Проплывая мимо каюты Алекса, он услышал знакомый голос: «…но навещать нас станет труднее, а Рохи беременна, и тебе наверняка хотелось бы увидеть внука». Алекс с тех пор, как получил это письмо, стал часто улыбаться, но Джима одолевали другие чувства. Надо было бы радоваться за Алекса, и он считал, что неплохо изобразил радость. Похлопал пилота по плечу, рассказал анекдот про дедушку, рассмешив старого друга.
А на деле Джим поражался оптимизму Кита. «Поражался» здесь означало скорее «ужасался». Алекс часто заговаривал о внуке, прикидывал, родился уже или нет, какого будет роста, гадал, какое имя выберут Кит с женой, а Джиму виделось лишь еще одно тело в груде мертвецов, когда настанет конец. Еще один младенец перестанет дышать, когда неуловимый враг разрешит свою задачу. Еще одна смерть.

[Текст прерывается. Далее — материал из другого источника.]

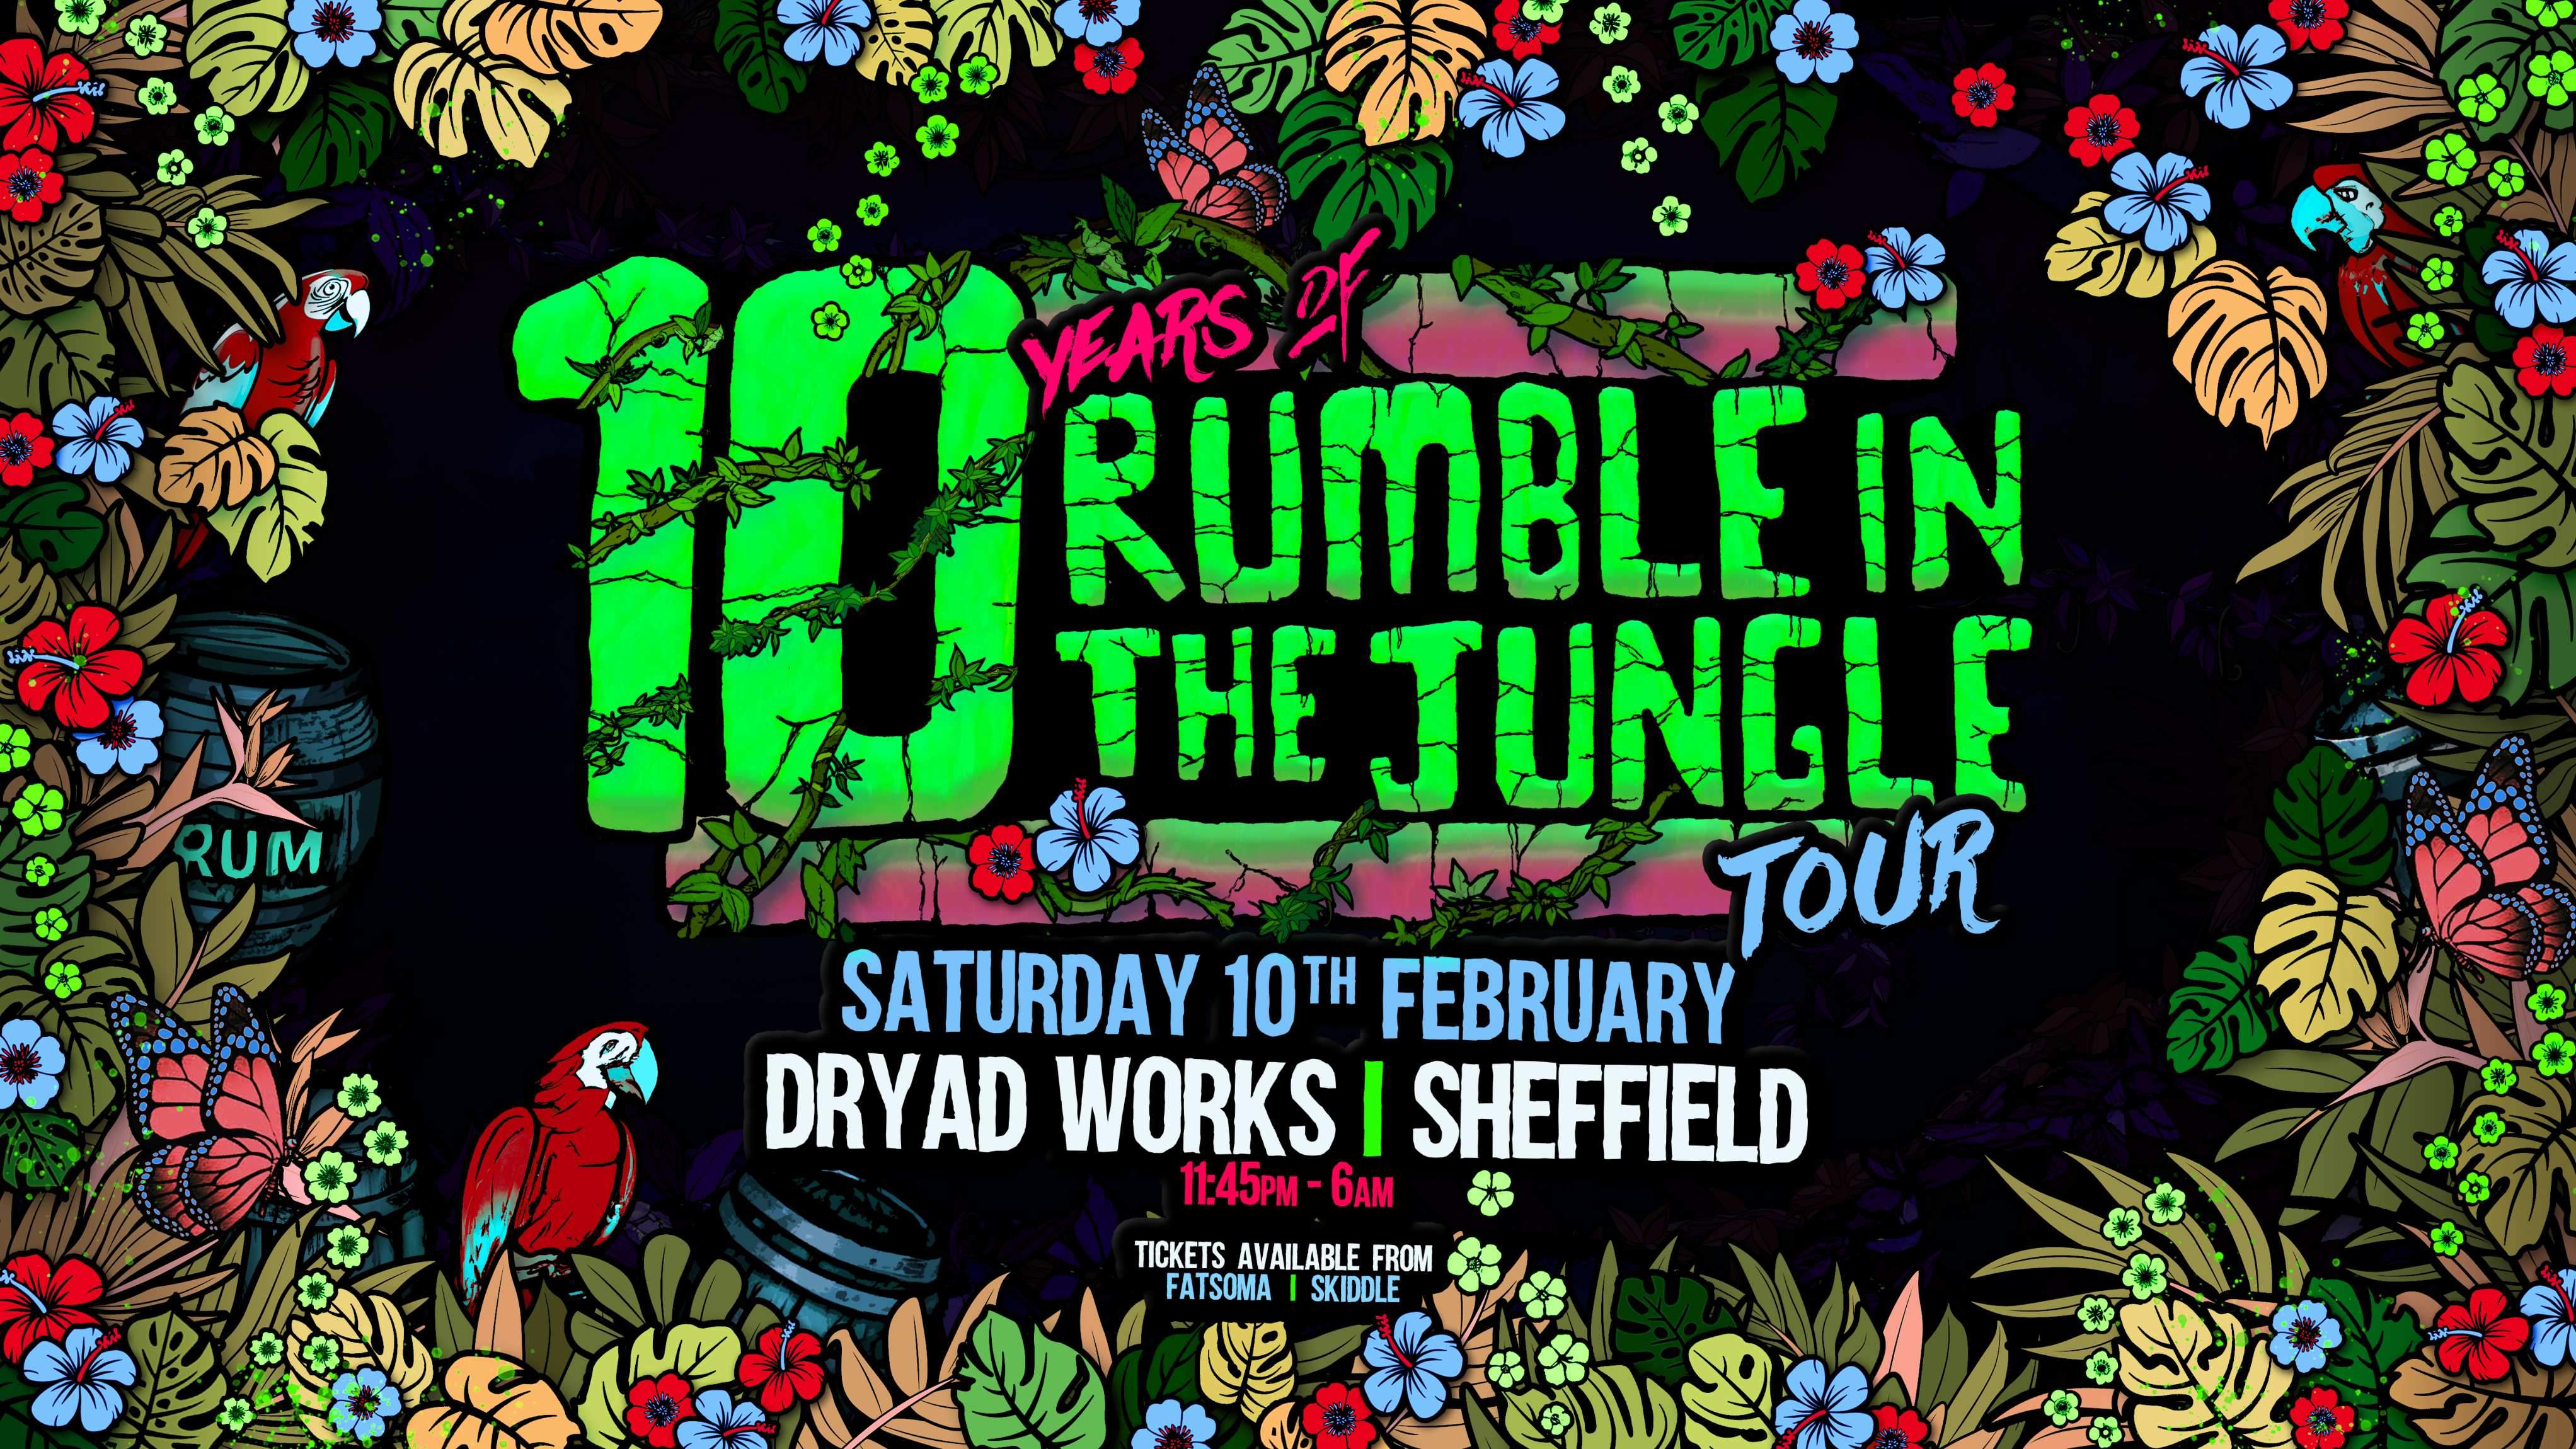 10 YEARS OF RUMBLE - SHEFFIELD - フライヤー表

Наверное, это было неправильно. Сколько раз уже случался конец света: черная смерть, ядерная война, коллапс продовольственной системы. Перелет Эроса. У каждого поколения свой апокалипсис. Если бы люди всякий раз переставали влюбляться, рожать детей, радоваться, мечтать, до отказа проживать отпущенный им срок, человечество бы кончилось намного раньше.
Просто в этот раз все иначе. В этот раз им не выкарабкаться. Знал, понимал это только один человек – Амос. Только с Амосом он и мог поговорить.
Джим направился в сторону реактора и двигателя. В воздухе стоял сладковатый запах силиконовой смазки, и негромкое тявканье Ондатры направило Джима к машинному отделению. Псина плавала в воздухе, вертя хвостом, отчего и голова ее описывала крошечные круги. Губы Ондатра растянула в широкой собачьей ухмылке.
– Опять я без сосиски, – извинился Джим.
Собака тихо гавкнула в ответ.
– Не так ей и нужна сосиска, – заметил Амос. – Просто ты ей нравишься.
Джим, одной рукой придержав собаку, погладил ее другой.
– Знаешь, всегда считал, что не дело держать собаку на космическом корабле, а все-таки мне нравится, что она здесь. Больше, само собой, когда мы идем с ускорением…
Амос поднялся с рабочего места, не выпуская из рук маленький сварочный аппарат. Защитные очки он сдвинул на лоб. В зажимах торчал гидравлический клапан, цепочка ожогов на керамике отмечала места, где еще не остыли металлические заплатки.
– Да ей и самой неловко, когда мне приходится таскать ее в вакуумный гидрант.
– Куда-куда?
– Эвфемизм для собачьего туалета, – объяснил Амос. – Это не я придумал – нашел в сети.
– То есть в невесомости полно таких псин, – обратился к Ондатре Джим. – Не ты одна.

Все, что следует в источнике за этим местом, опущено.